Players can be forced to officiate their own game
Every once in a while, an official gets hurt or becomes ill during a game and can’t continue. The rulebook covers how to handle this situation in section 31.11, spelling out how the responsibilities will be divided up among the remaining officials and whether an available backup should be brought into the game.
But what happens if the officials don’t show up at all? That’s also covered in the rule, which lays out what happens if, “through misadventure of sickness,” the officials are a no-show. And the answer is that things get weird.

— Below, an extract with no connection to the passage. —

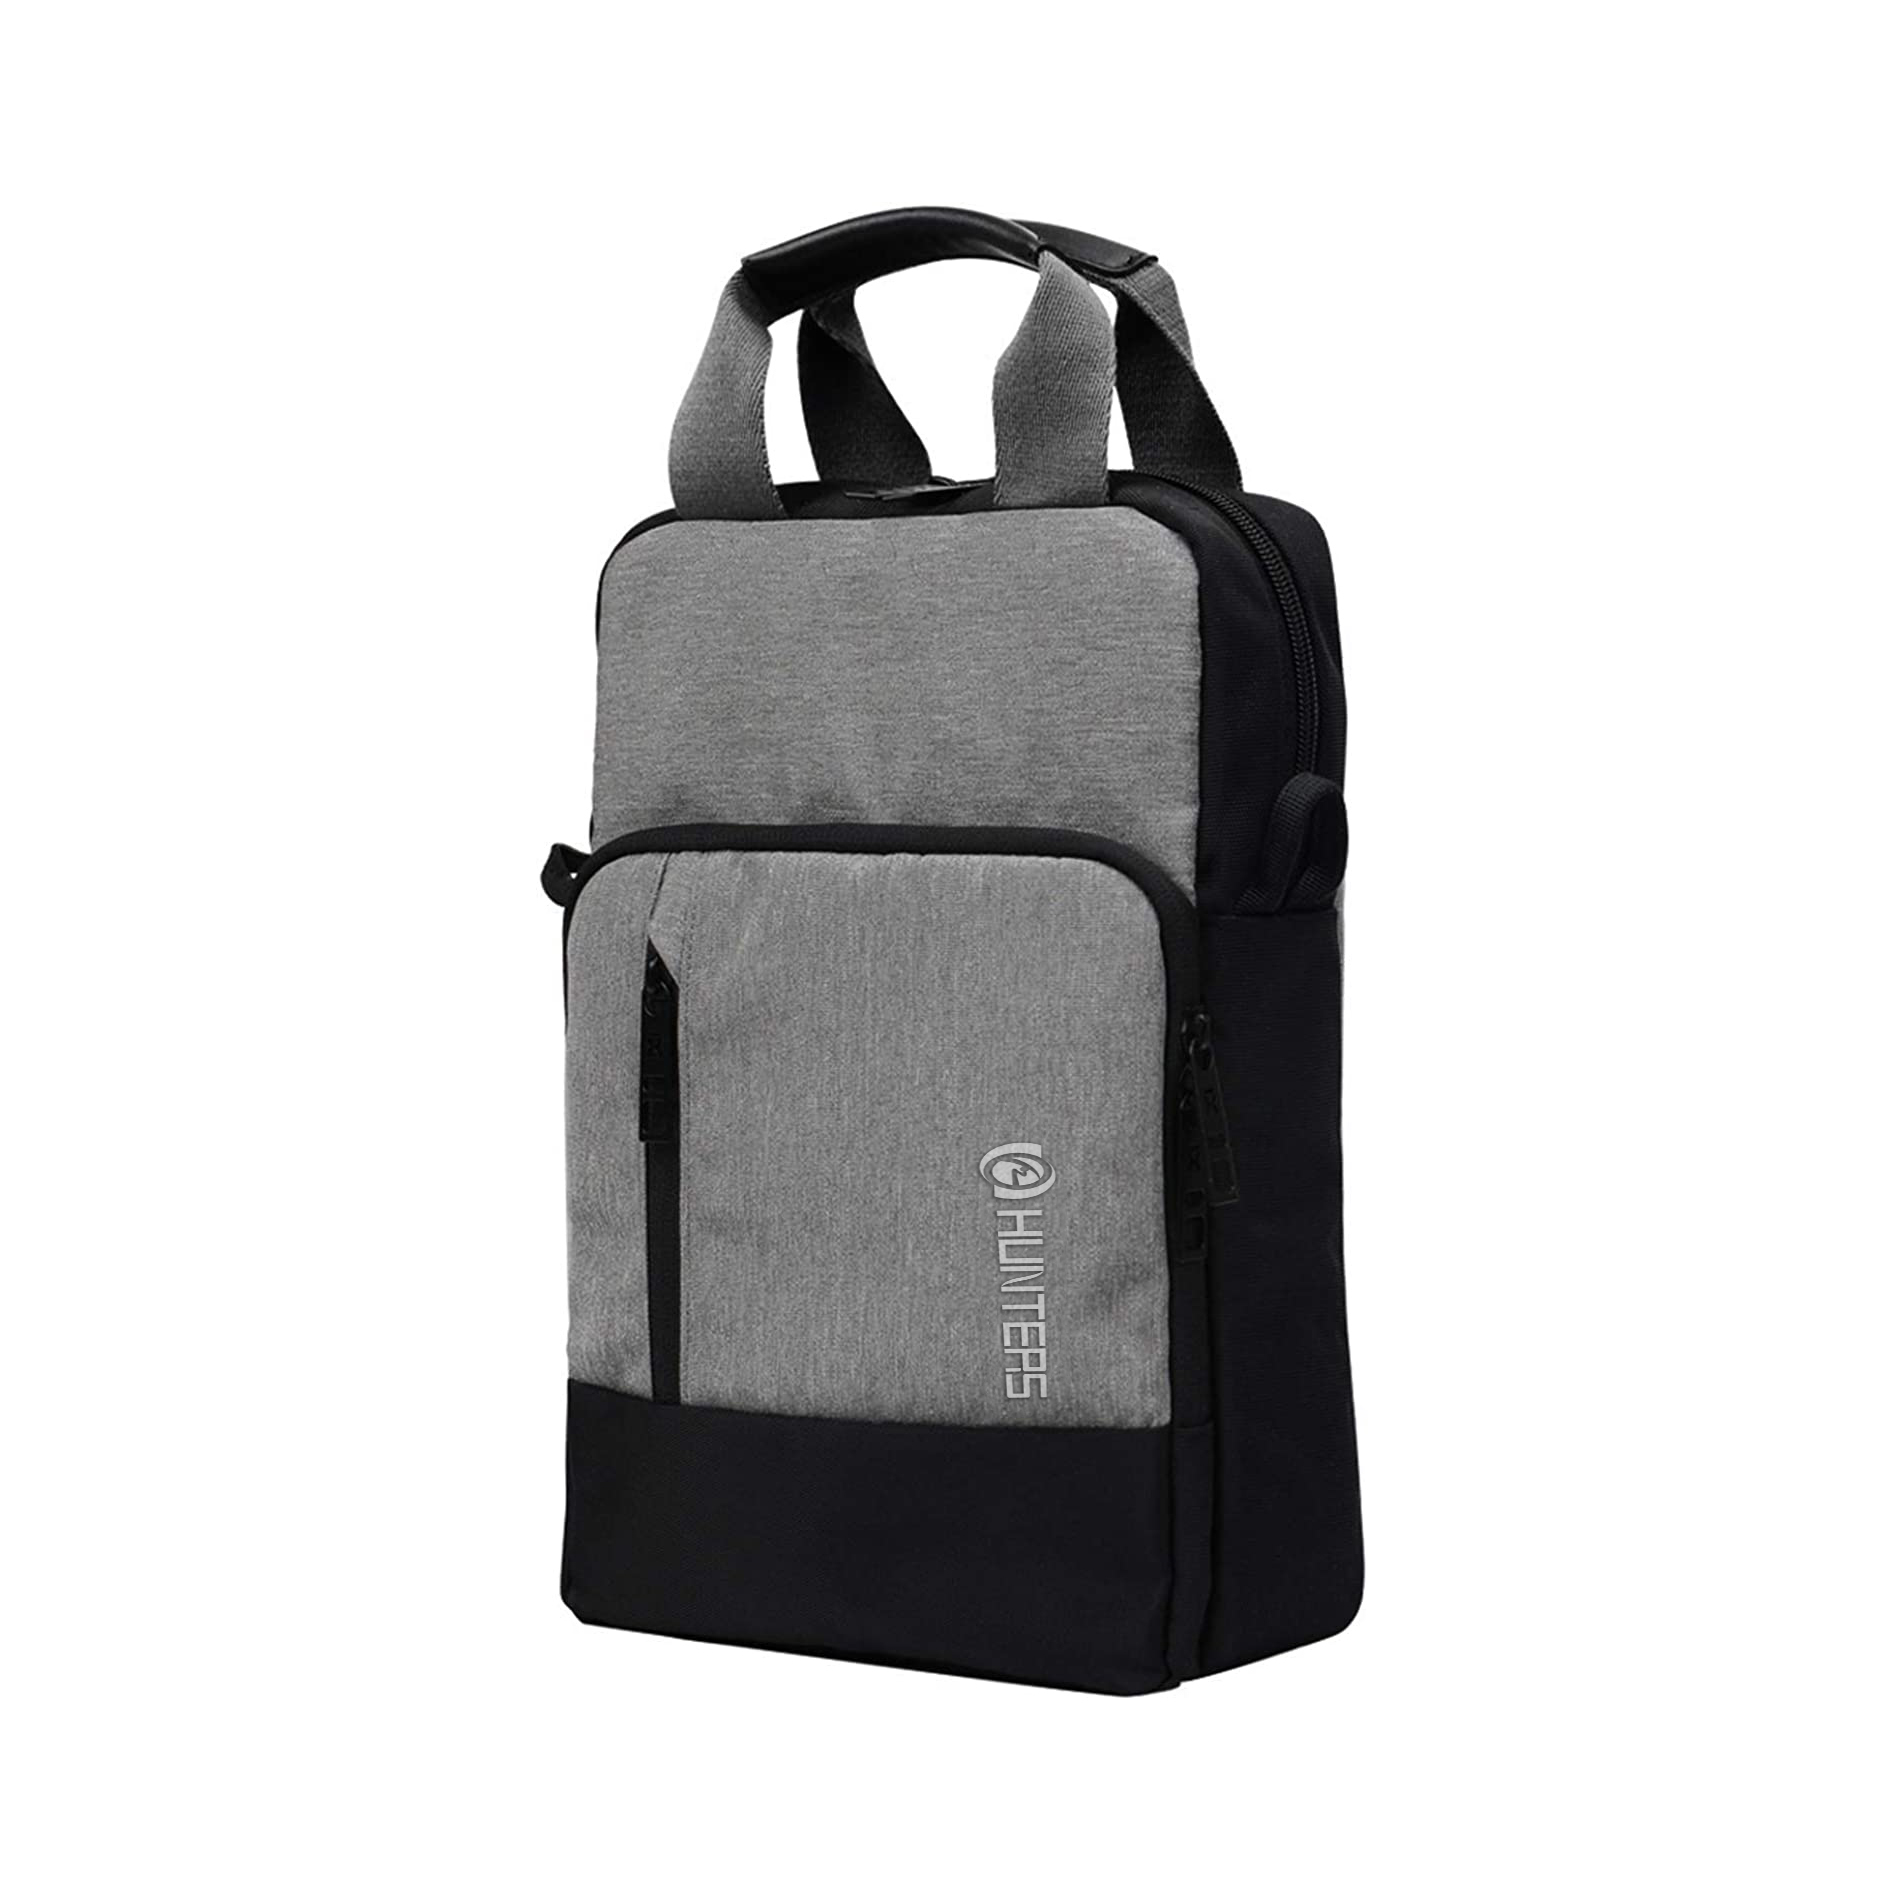 Bhegi repamapfudzi revakadzi Diki Tablet Bag Rakasimba Satchel Style Purse Outdoor Messenger Bag Sling Bag revarume

The first step is that the league tries to find alternate officials. If they can’t, it falls to the two teams to agree on a neutral party. And if that doesn’t work, then each team appoints one player, and those players officiate the game.
Yes, really.
And, believe it or not, the rule has actually been used at the NHL level. In 1983, a snowstorm delayed the arrival of the referee and one linesman at a game between the Whalers and Devils. With only one official on hand, and no qualified substitutes in the building, New Jersey’s Garry Howatt and Hartford’s Mickey Volcan were told to don the stripes. Volcan even
kicked Ron Francis out of a faceoff.
The situation was short-lived; the missing officials arrived in time for the second period, and the rule has never come into play again since. But it’s still on the books, waiting for the day that some future officiating crew falls victim to “misadventure”.